The contestants evolved, it seems, along with the contest. When the Netflix competition began, Mr. Weiss was one of three seniors at Princeton University, including David Lin and Lester Mackey, who made up a team called Dinosaur Planet. Mr. Lin, a math major, went on to become a derivatives trader on Wall Street.
But Mr. Mackey is a Ph.D. candidate at the Statistical Artificial Intelligence Lab at the University of California, Berkeley. “My interests now have been influenced by working on the Netflix prize contest,” he said.
Software recommendation systems, Mr. Mackey said, will increasingly become common tools to help people find useful information and products amid the explosion of information and offerings competing for their attention on the Web. “A lot of these techniques will propagate across the Internet,” he predicted.
That is certainly the hope of Domonkos Tikk, a Hungarian computer scientist and a member of the Ensemble. Mr. Tikk, 39, and three younger colleagues started working on the contest shortly after it began, and in 2007 they teamed up with the Princeton group. “When we entered the Netflix competition, we had no experience in collaborative filtering,” Mr. Tikk said.
Yet based on what they learned, Mr. Tikk and his colleagues founded a start-up, Gravity, which is developing recommendation systems for commercial clients, including e-commerce Web sites and a European cellphone company.
Though the Ensemble team nudged ahead of BellKor’s on the public leader board, it is not necessarily the winner.
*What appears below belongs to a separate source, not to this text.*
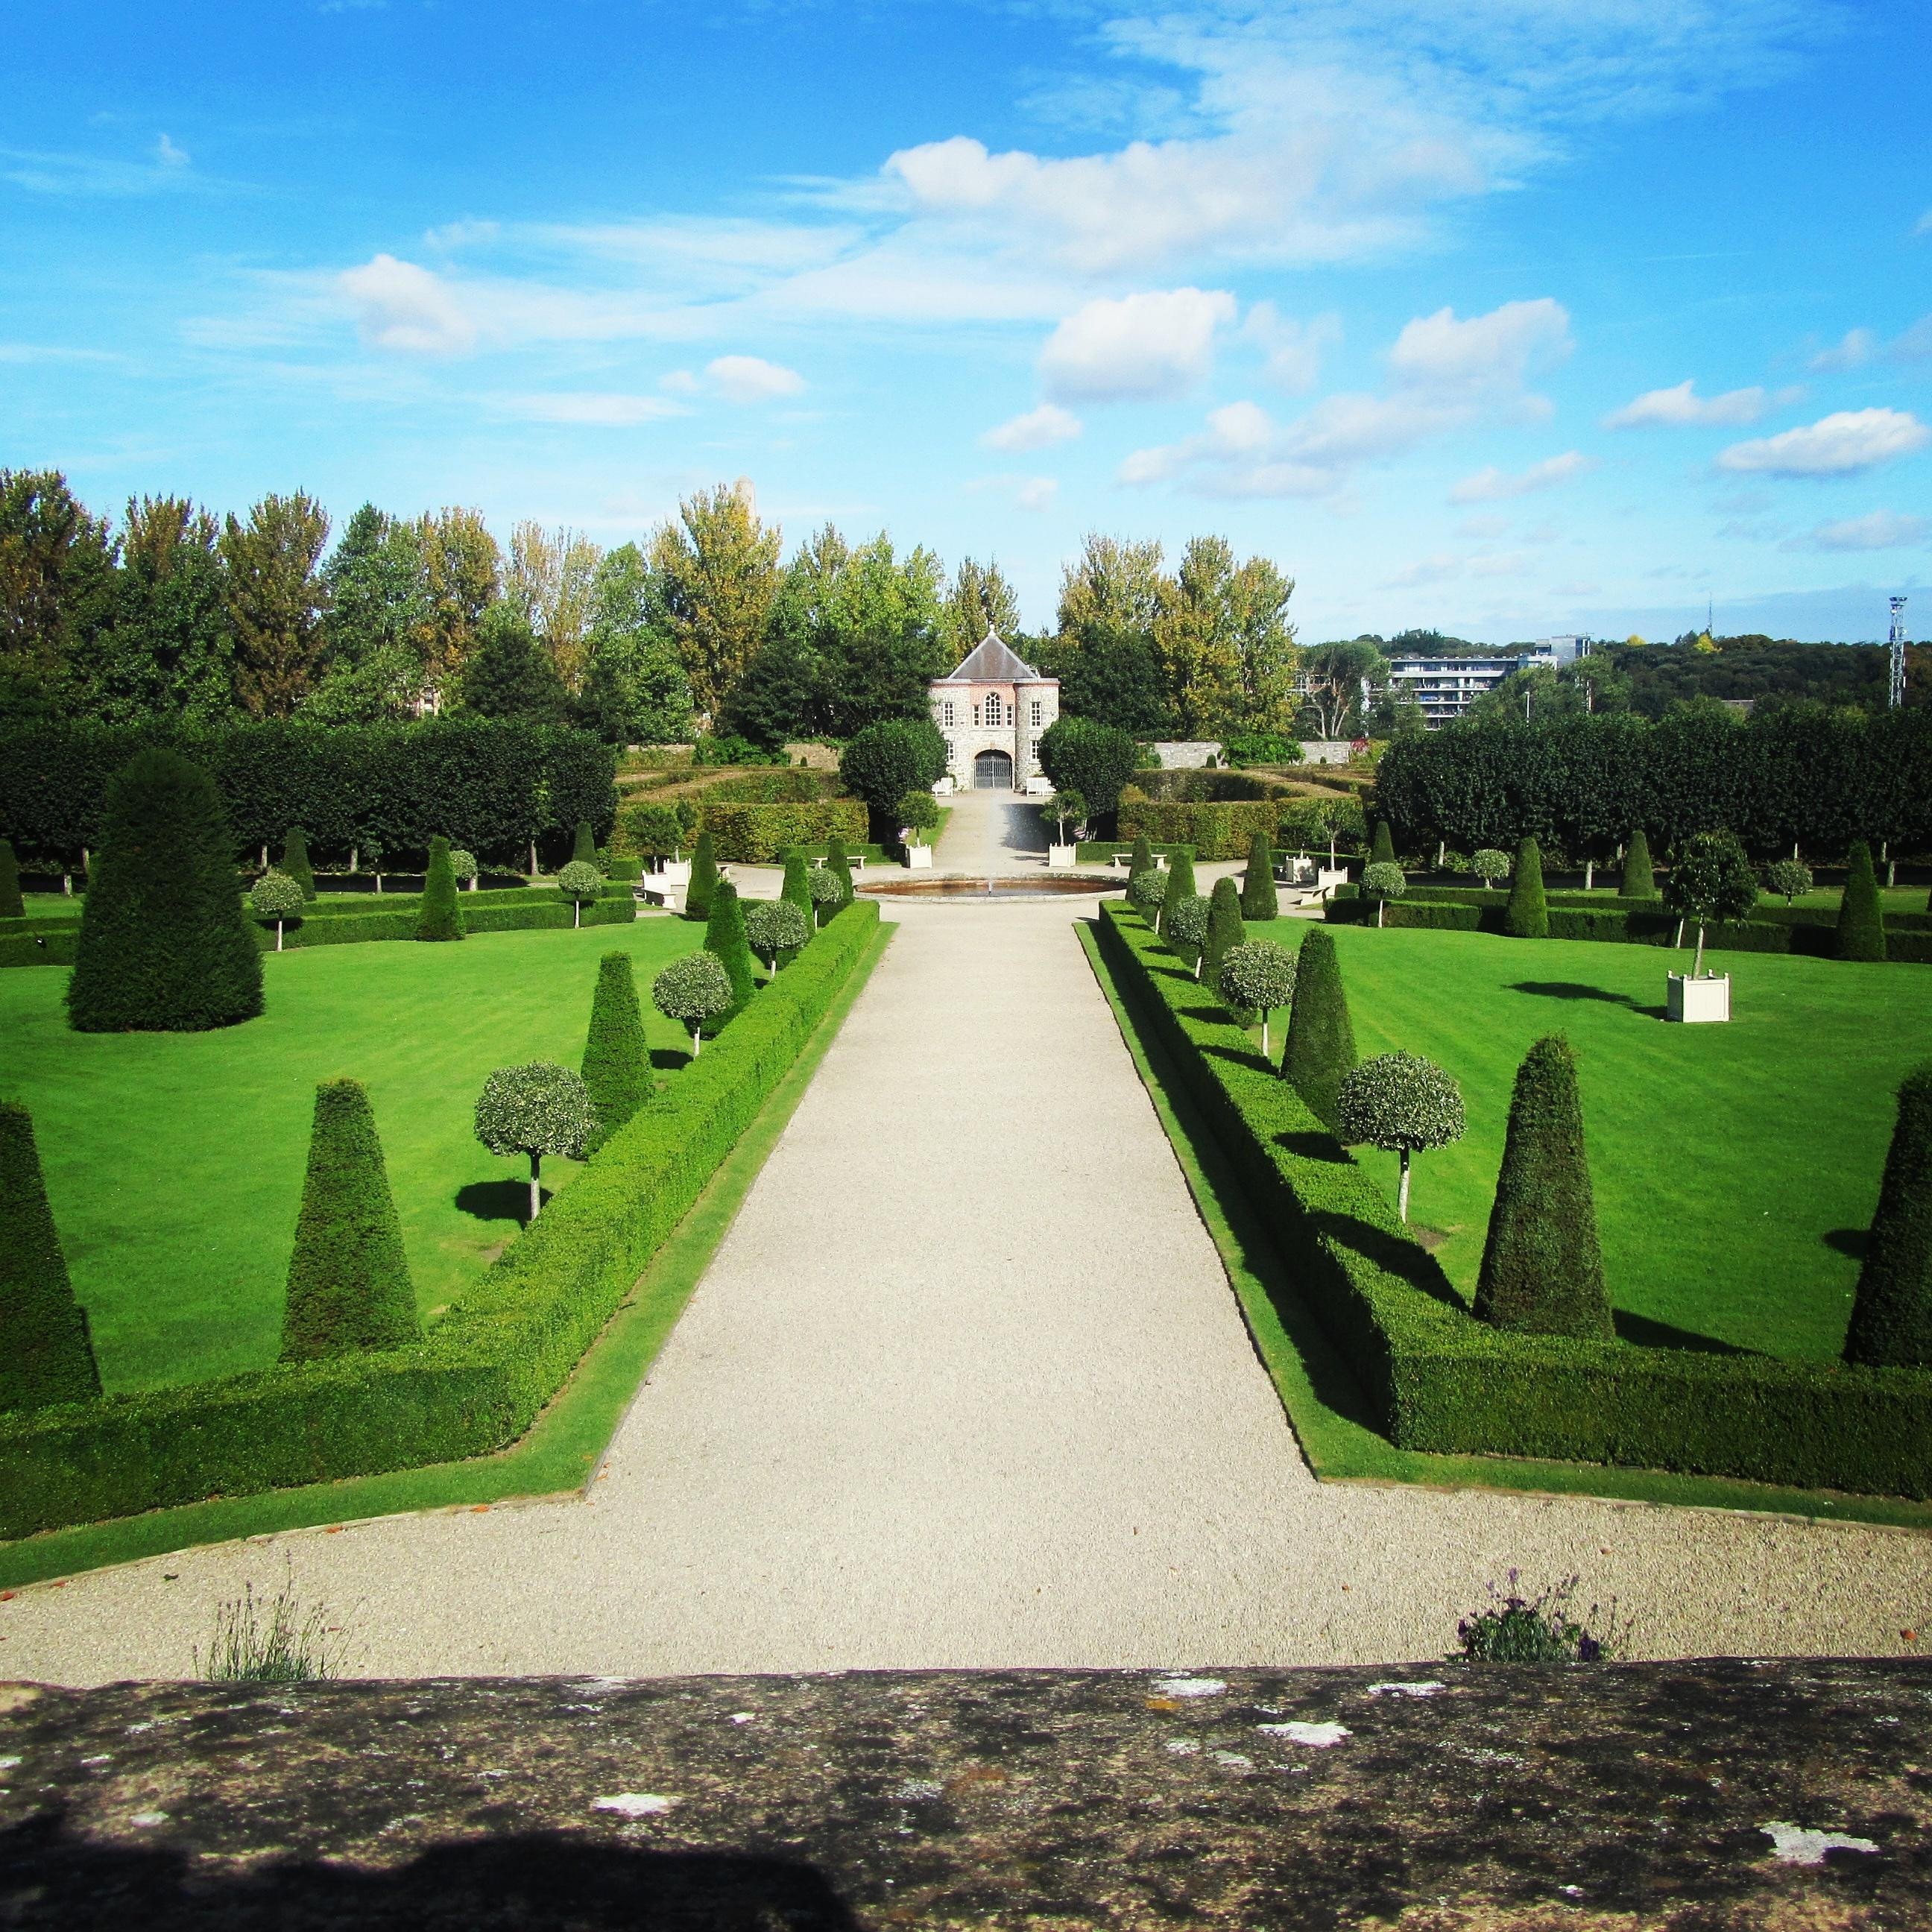 I.M.M.A. Gardens

BellKor’s, according to Mr. Volinsky, remains in first place, and Netflix contacted it on Sunday to say so.
And in an online forum, another member of the BellKor’s team, Yehuda Koren, a researcher for Yahoo in Israel, said his team had “a better test score than the Ensemble,” despite what the rival team submitted for the leader board.
So is BellKor’s the winner? Certainly not yet, according to a Netflix spokesman, Steve Swasey. “There is no winner,” he said.
A winner, Mr. Swasey said, will probably not be announced until sometime in September at an event hosted by Reed Hastings, Netflix’s chief executive. The movie rental company is not holding off for maximum public relations effect, Mr. Swasey said, but because the winner has not yet been determined.
The Web leader board, he explained, is based on what the teams submit. Next, Netflix’s in-house researchers and outside experts have to validate the teams’ submissions, poring over the submitted code, design documents and other materials. “This is really complex stuff,” Mr. Swasey said.
In Hungary, Mr. Tikk did not sound optimistic. “We didn’t get any notification from Netflix,” he said in a phone interview. “So I think the chances that we won are very slight. It was a nice try.”